## ACTIVITY
Look for the line containing "Certificate of Free Sale (CFS)" and the line containing "6er Pack Elements" in the entries below. Copy those two and all lines between them exactly, leaving out pictures.

───── DATA FOR PROCESSING

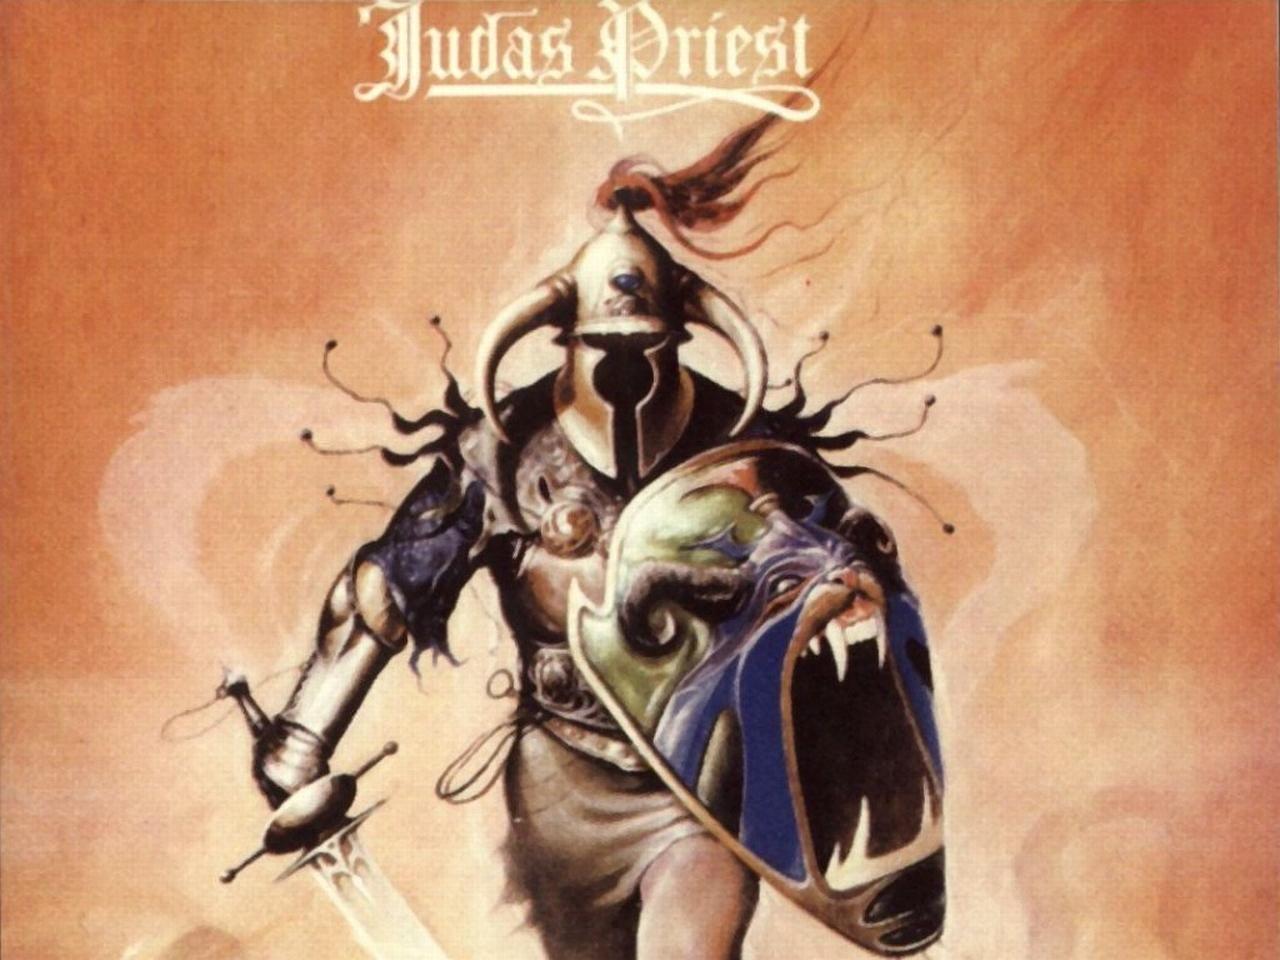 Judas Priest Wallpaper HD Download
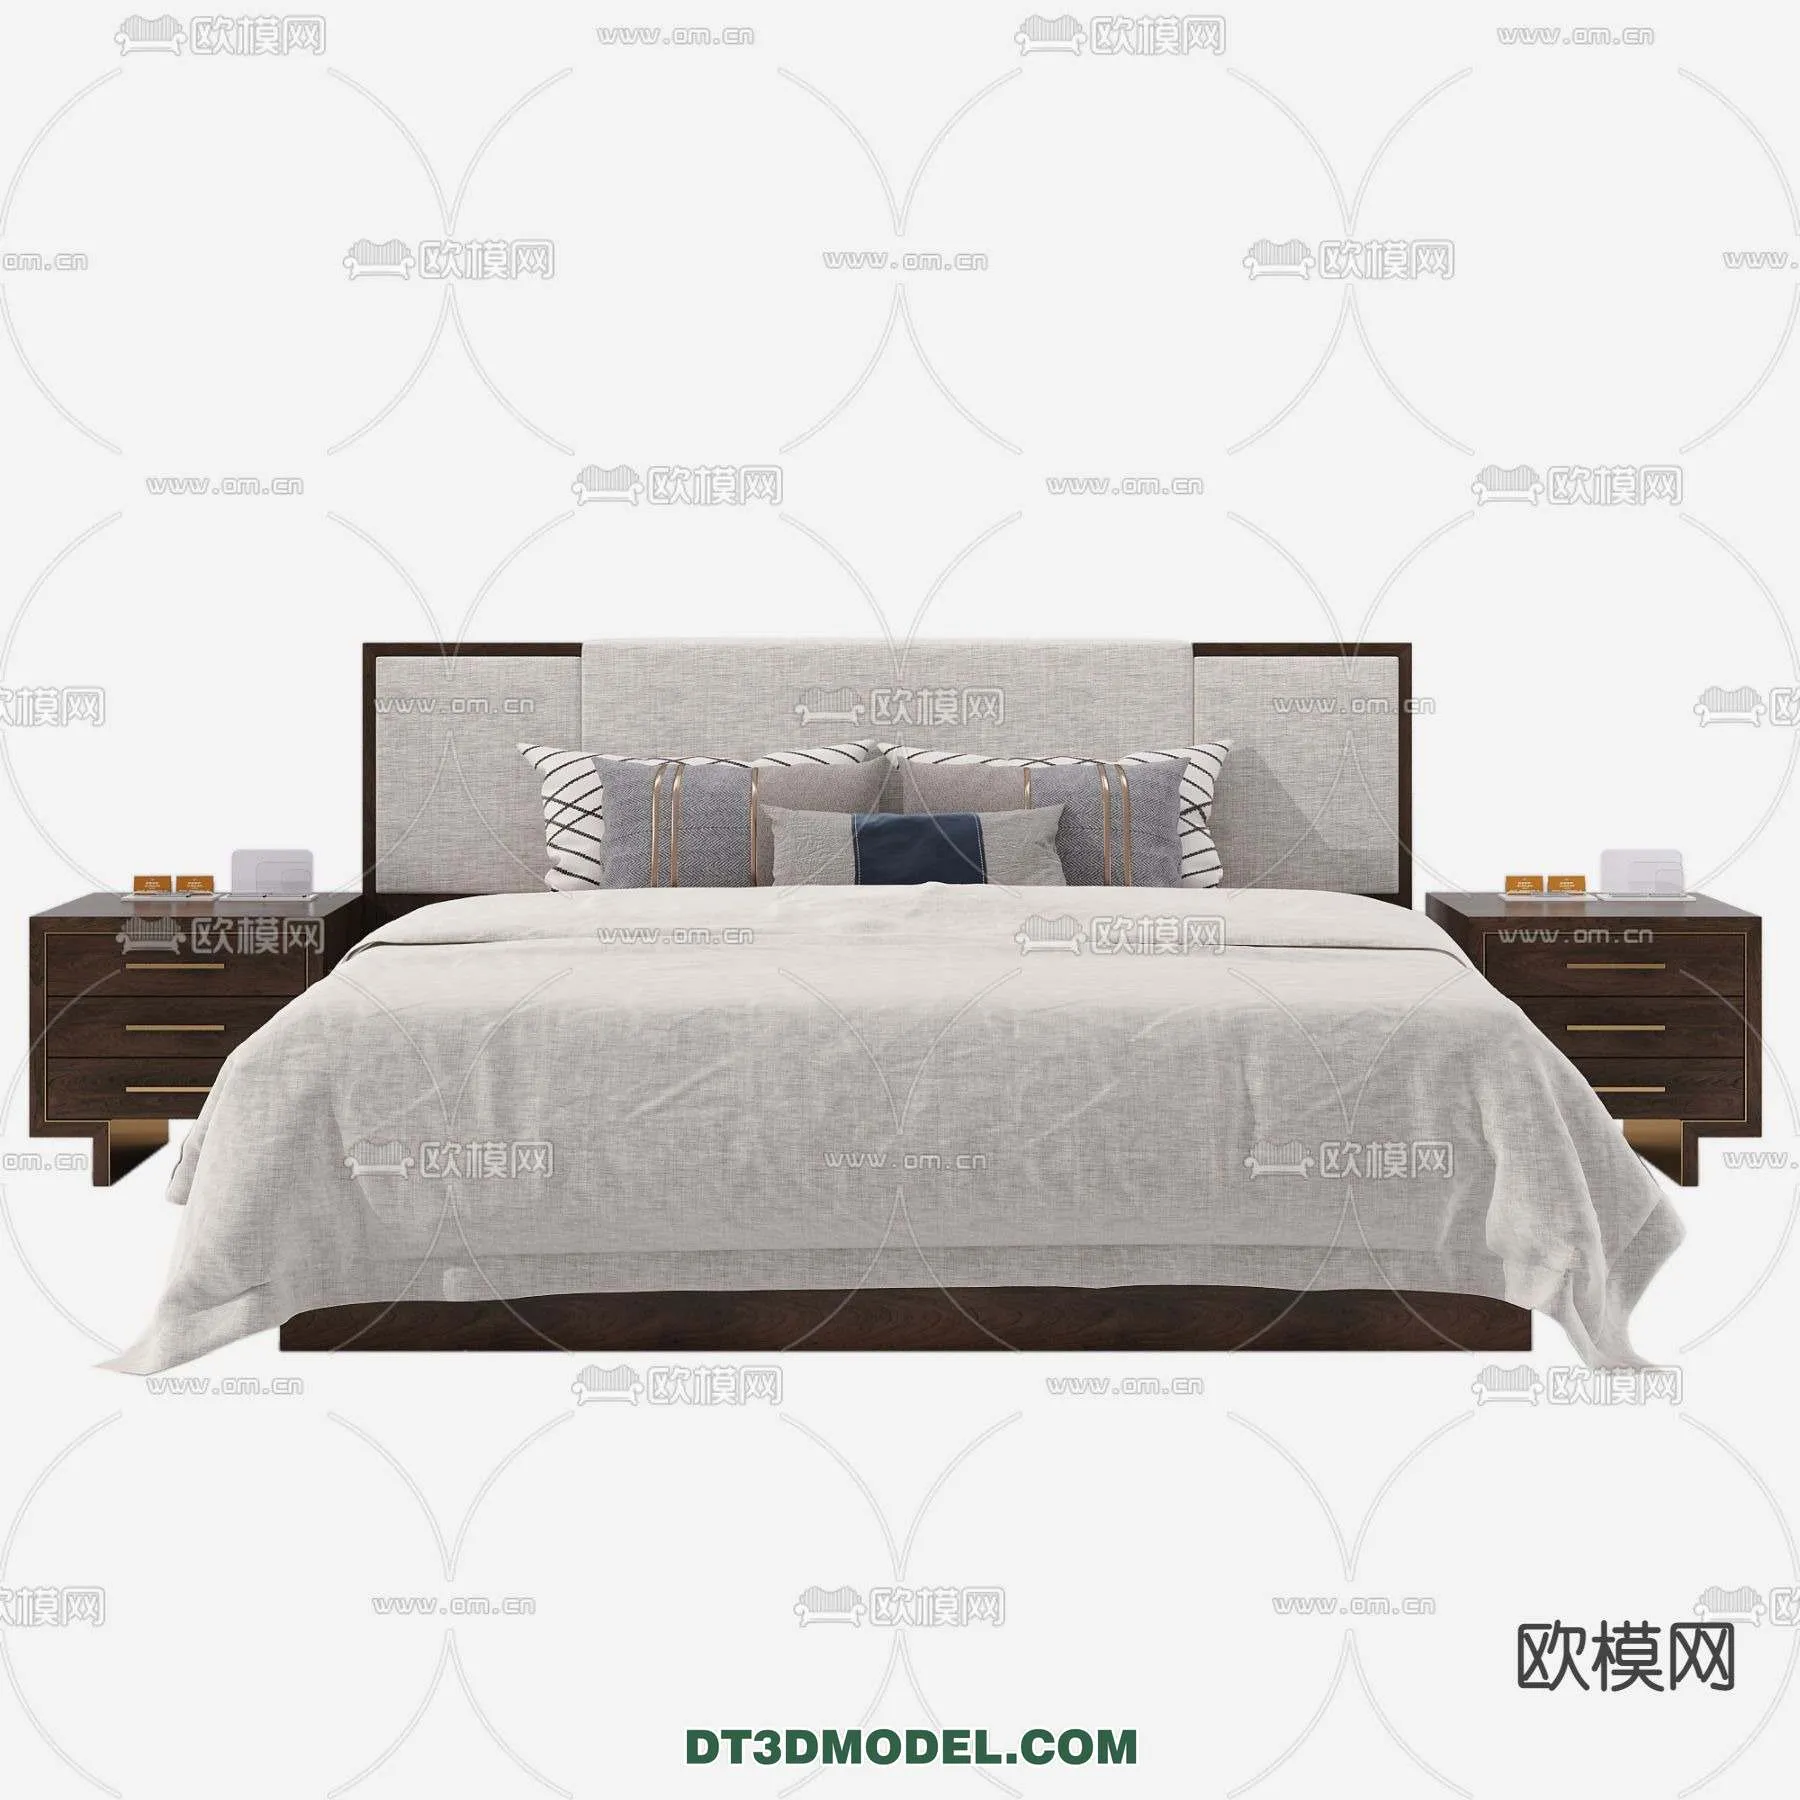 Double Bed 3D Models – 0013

──────────
───── DATA FOR PROCESSING

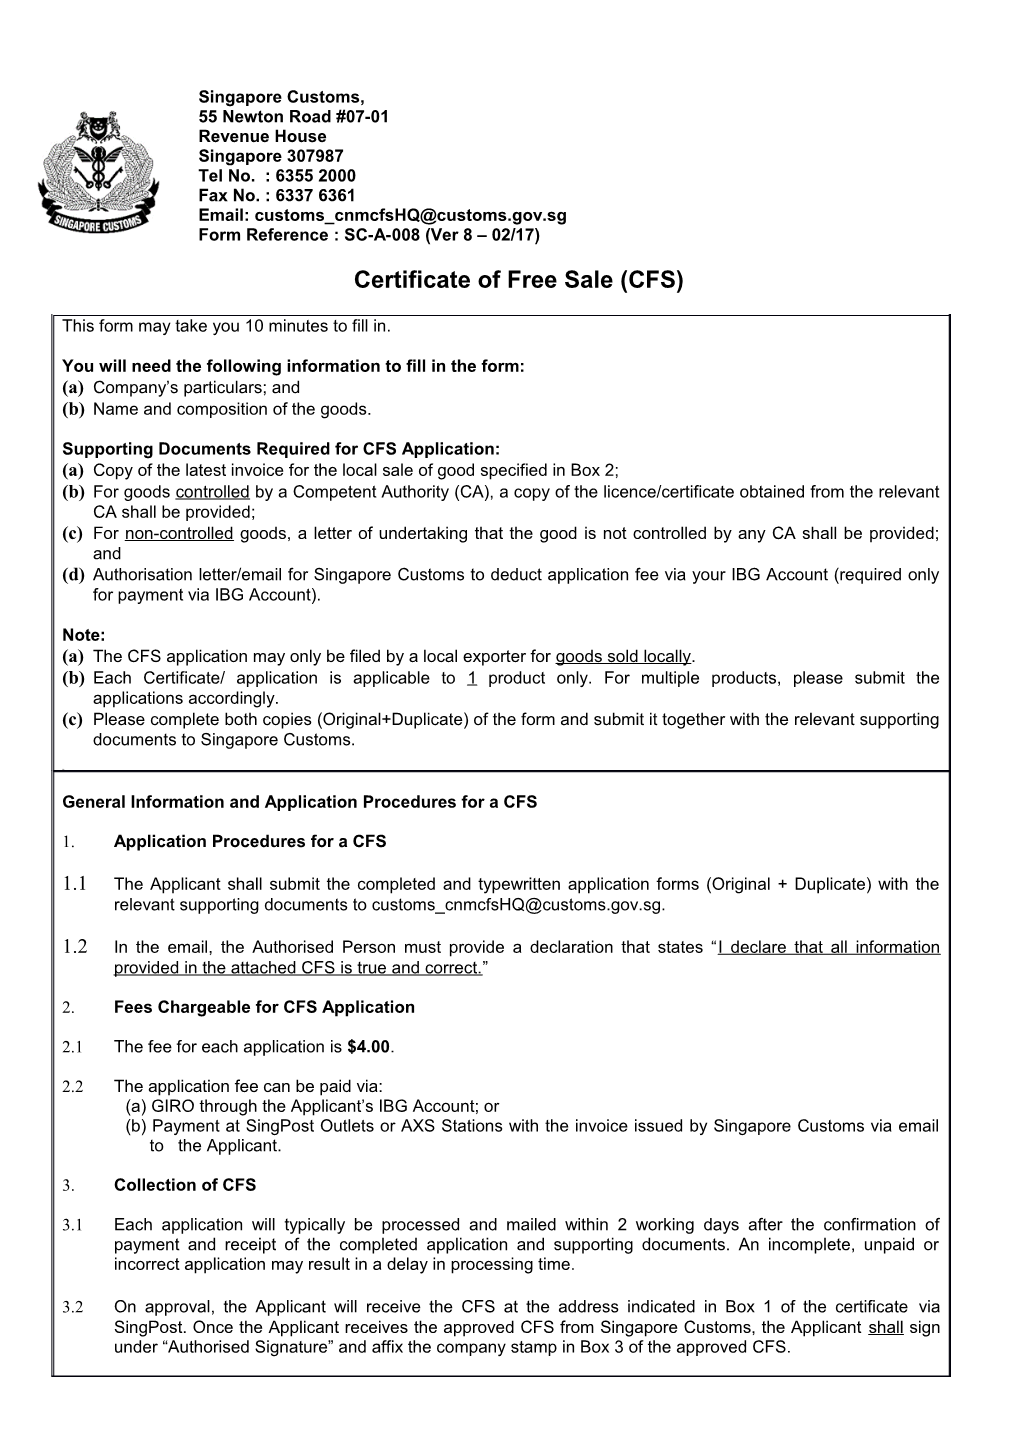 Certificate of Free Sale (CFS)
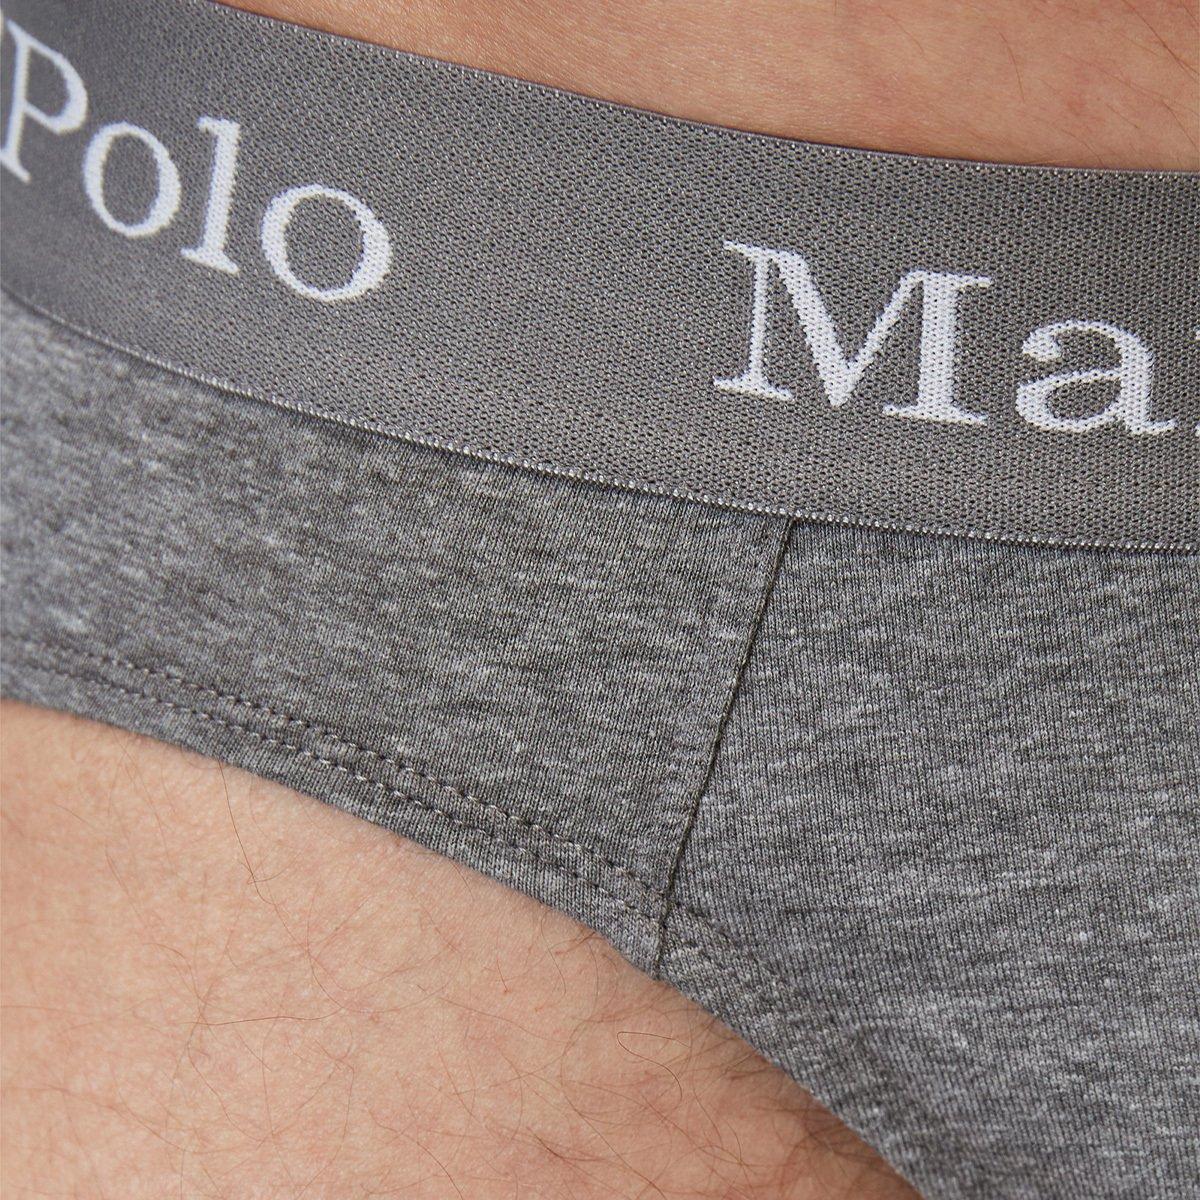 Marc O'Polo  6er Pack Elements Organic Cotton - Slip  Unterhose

──────────
───── DATA FOR PROCESSING

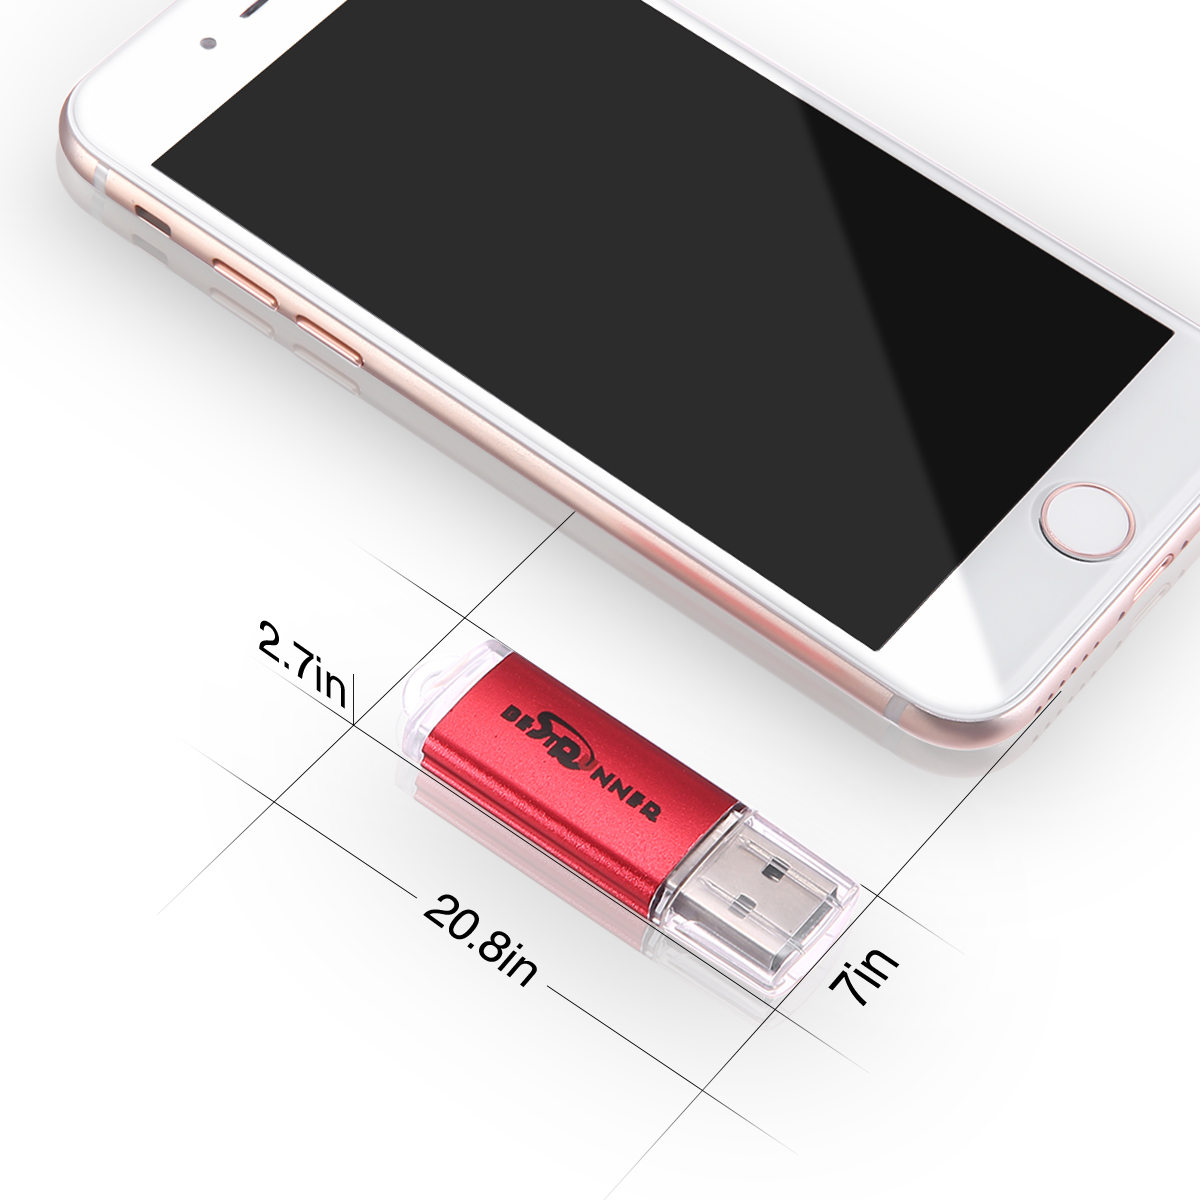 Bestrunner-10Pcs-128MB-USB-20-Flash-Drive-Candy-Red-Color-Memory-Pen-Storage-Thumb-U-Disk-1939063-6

──────────

## OUTPUT
 Certificate of Free Sale (CFS)
 Marc O'Polo  6er Pack Elements Organic Cotton - Slip  Unterhose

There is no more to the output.